Más de una hora después de que Pascal von Holden se hubiera marchado, aún sentía el olor de su cuerpo, de su colonia y su sudor y ahora no quería perderlo nunca más. Intentó recordar cómo había sucedido todo, cómo cada cosa había conducido a la siguiente.
Cuando el crucero echó amarras, los hombres de esmoquin bajaron por la escalerilla para fijarla. Luego se aseguraron de que la limusina de Lybarger lo esperaba en el muelle.
Después de bailar con Pascal, Joanna le contó al señor Lybarger la buena noticia de que se quedaría y seguiría ayudándolo con su terapia.

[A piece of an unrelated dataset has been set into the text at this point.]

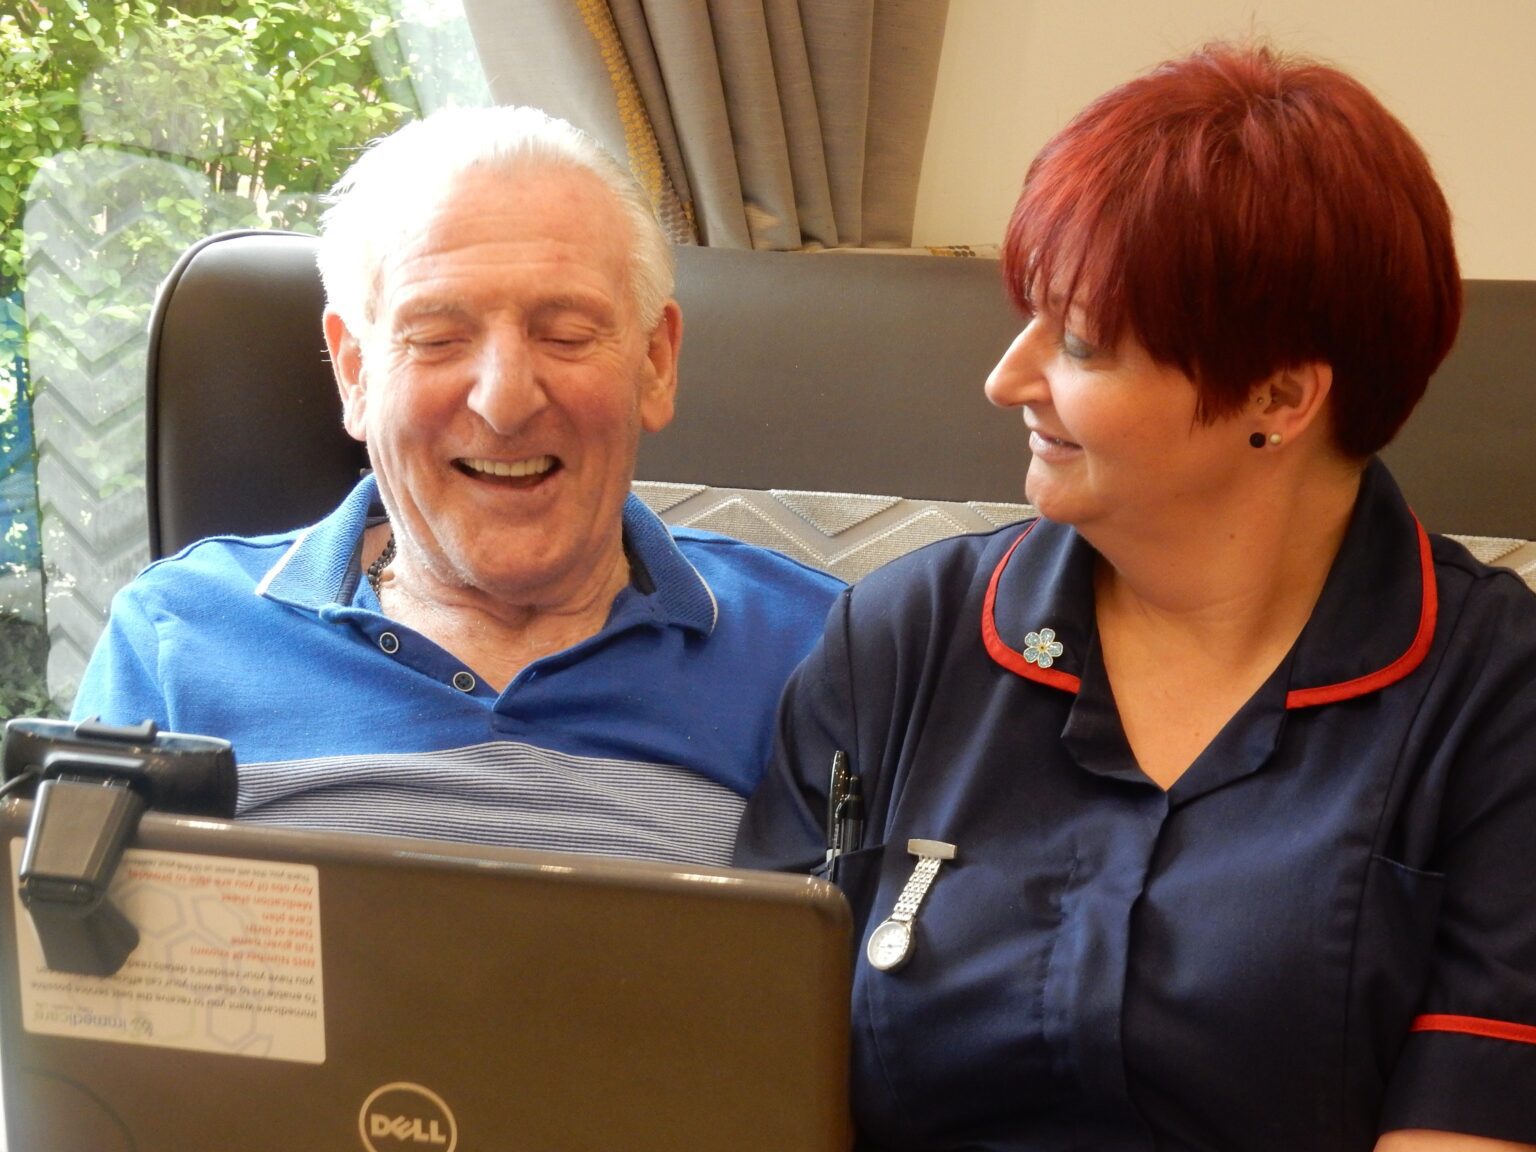 How does the use of telemedicine help care home residents?

Cuando Joanna se acercó, Lybarger le hizo señas para que lo llevara a un lado en su silla de ruedas. Ella miró a Von Holden, que esperaba fuera en la cubierta. No quería separarse de él ni por un momento, pero cuando le sonrió, ella se alejó para hablar con Lybarger. Cuando estuvieron a solas, Lybarger se inclinó repentinamente y le cogió la mano a Joanna. Parecía cansado y confundido, incluso algo asustado. Ella lo miró y le sonrió amable, y le contó que se quedaría junto a él un tiempo para ayudarle a acostumbrarse al nuevo ambiente. Lybarger, no obstante, la atrajo hacia sí y le hizo la misma pregunta que otras veces.